Font J, Ramos-Casals M, de la Red G, Pou A, Casanova A, García-Carrasco M, Cervera R, Molina JA, Valls J, Bové A, Ingelmo M, Graus F. · Department of Autoimmune Diseases, Hospital Clínic, Institut d'Investigacions Biomèdiques August Pi i Sunyer, University of Barcelona, Barcelona, Spain. · J Rheumatol. · Pubmed #12858457 No free full text.

Abstract: OBJECTIVE: To study the clinical course, response to therapy, and longterm outcome of pure sensory neuropathy (PSN) in a series of patients with primary Sjögren's syndrome (SS) followed prospectively in our referral centers. METHODS: We studied 15 patients (13 women, 2 men) with primary SS and PSN. All patients fulfilled 4 or more of the European diagnostic criteria. RESULTS: At diagnosis of PSN, clinical manifestations included numbness and paresthesias (11 patients), trigeminal neuropathy (6 patients), and Adie's pupil syndrome (4 patients). In 7 patients, PSN was diagnosed prior to SS, in 5 the diagnoses were made simultaneously, and in the remaining 3 patients PSN was diagnosed after the appearance of SS symptomatology. The mean duration of the prospective PSN followup was 10 years (range 1-20). The progression of PSN was acute in 1 patient (producing severe dysfunction in less than 1 month), subacute in 3 patients, and in the remaining 11, the symptoms progressed slowly over the ensuing years to other extremities. Patients were treated with corticosteroids (n = 13), cyclophosphamide (n = 4), and intravenous immunoglobulins (n = 1), and 2 patients received no treatment. In spite of treatment, most patients showed an indolent and insidious longterm PSN course.

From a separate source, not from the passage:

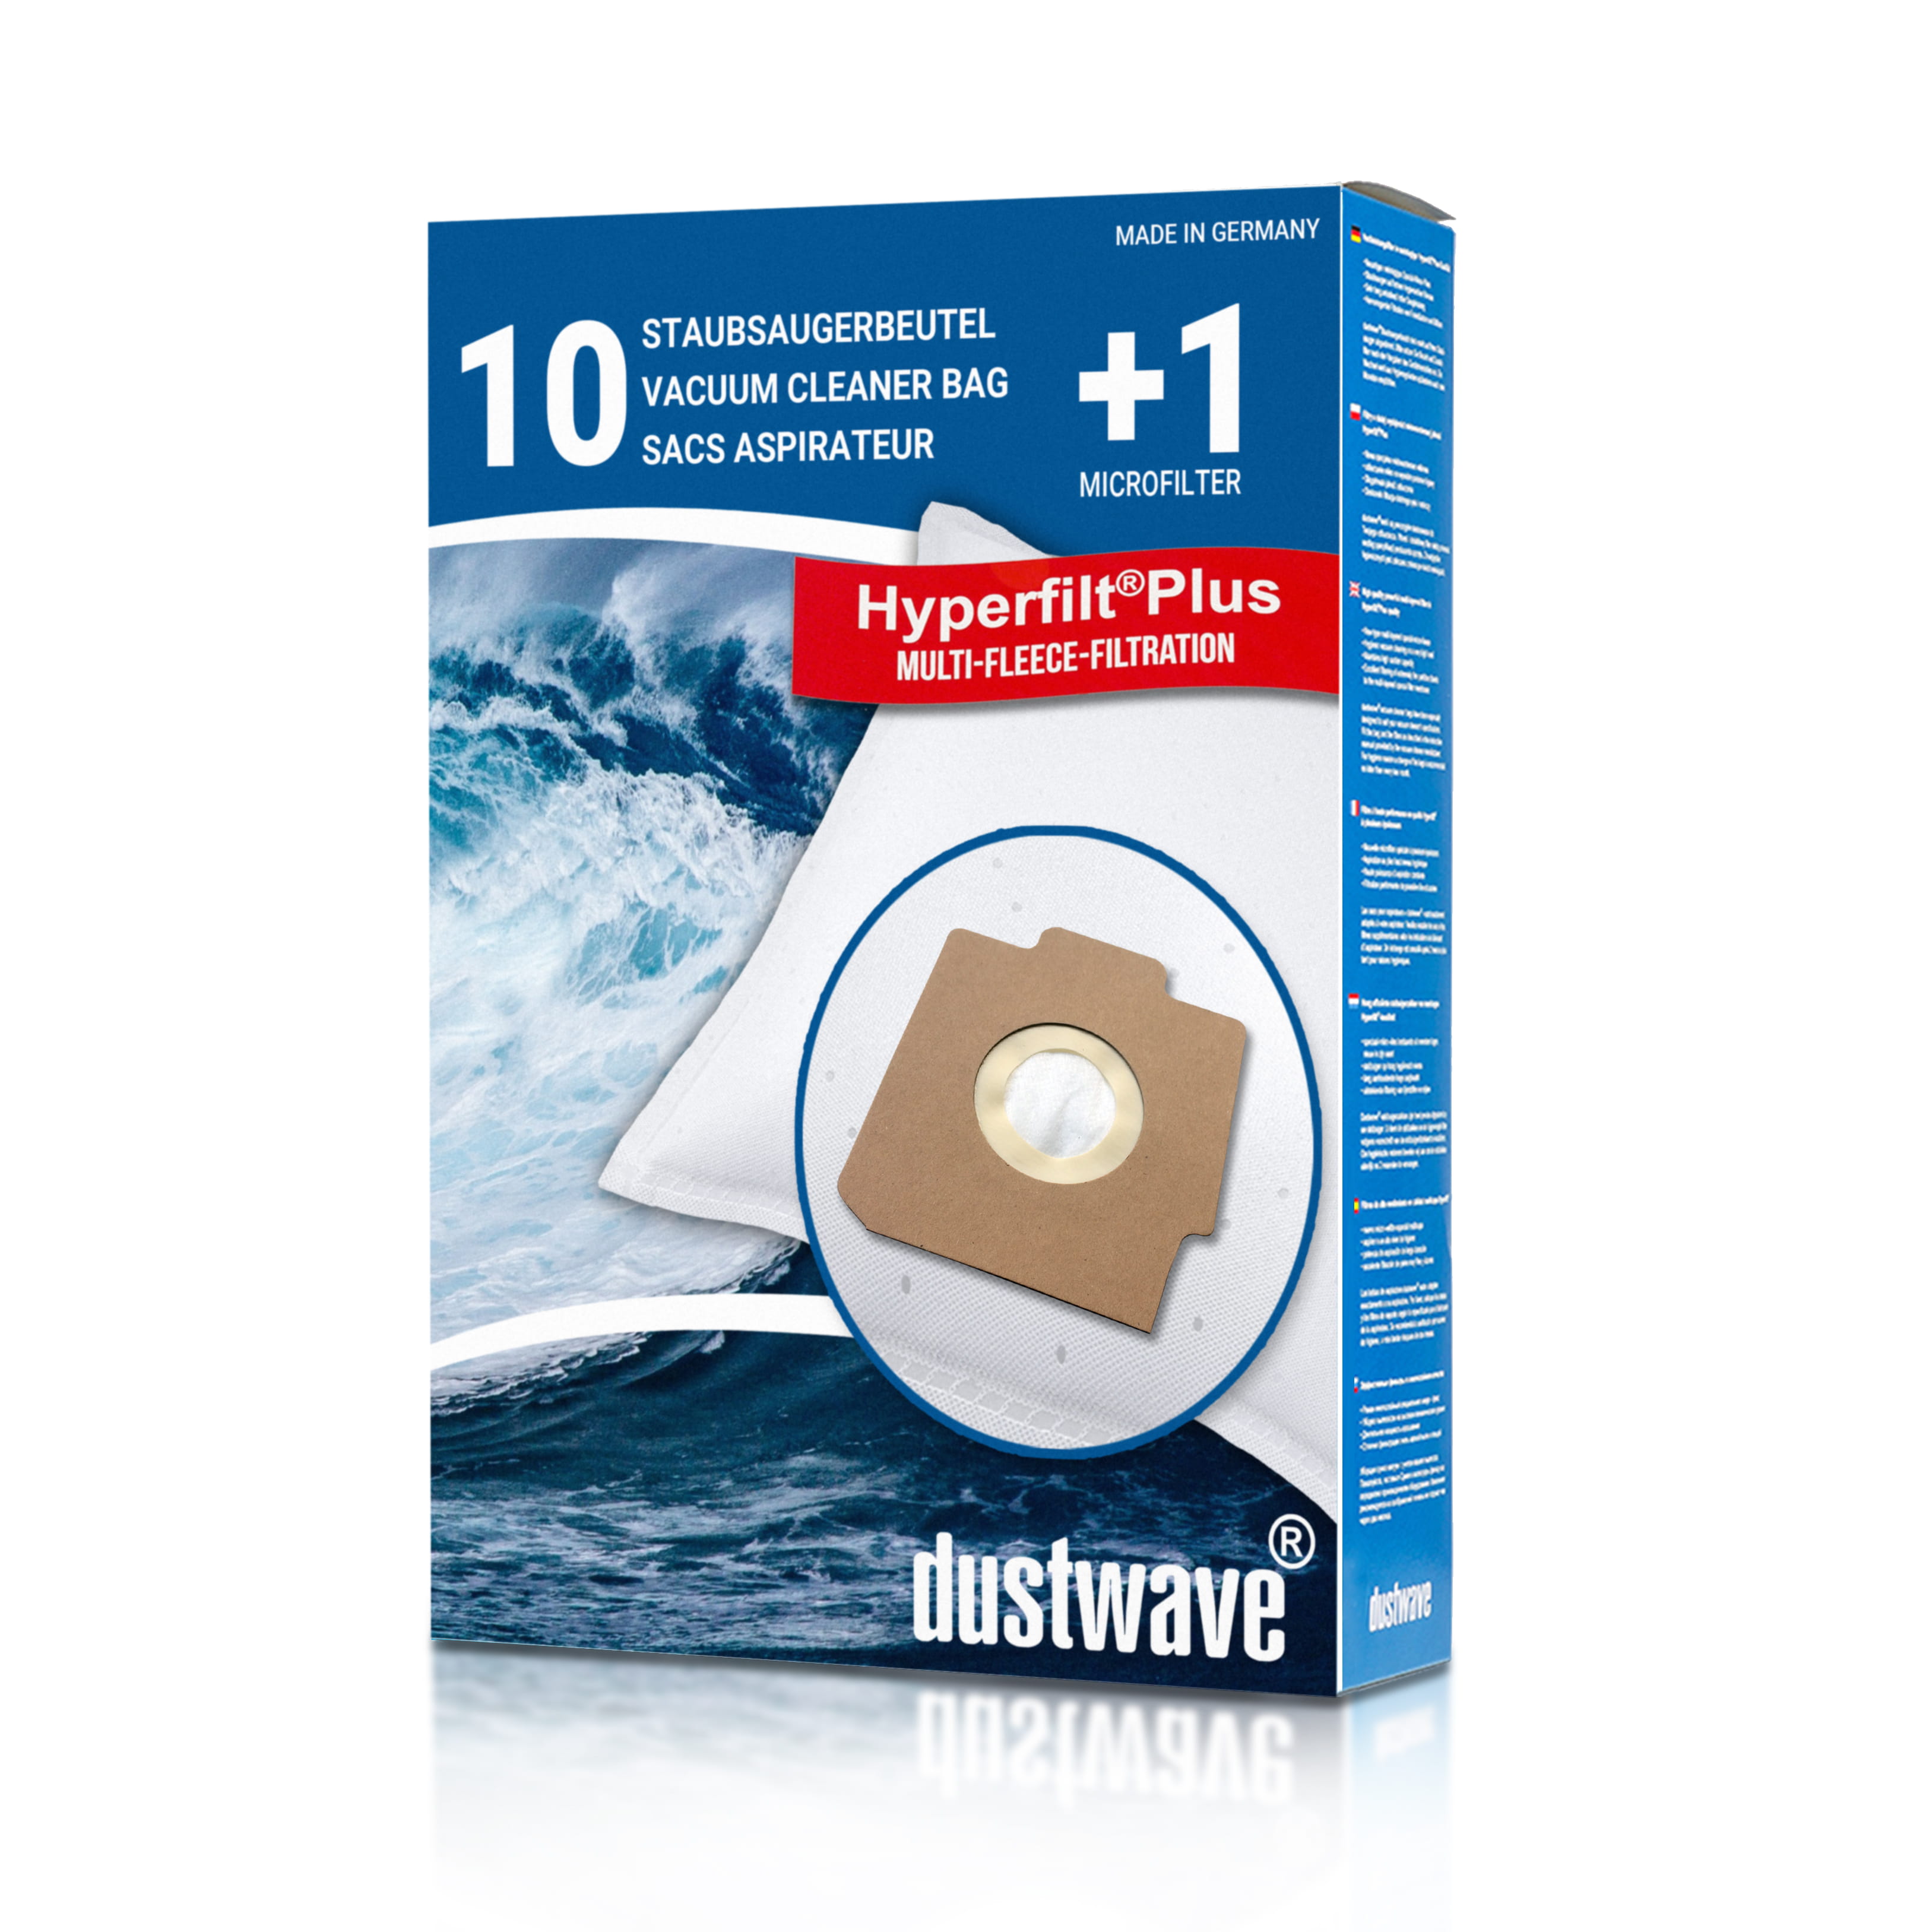 Dustwave® 10 Staubsaugerbeutel für Hoover Super 1000 - hocheffizient, mehrlagiges Mikrovlies mit Hygieneverschluss - Made in Germany

CONCLUSION: We found 3 differentiated clinical courses of the PSN in patients with primary SS: subacute progression in less than 1 month (7%), late acceleration of PSN 2-4 years after an initial indolent onset (20%), and a very longterm insidious, chronic evolution (73%). Prospective analysis of the longterm course of PSN shows a chronic and insidious evolution in most patients with PSN and SS, with a poor response to treatment, although stabilization of symptomatology for long periods is often observed.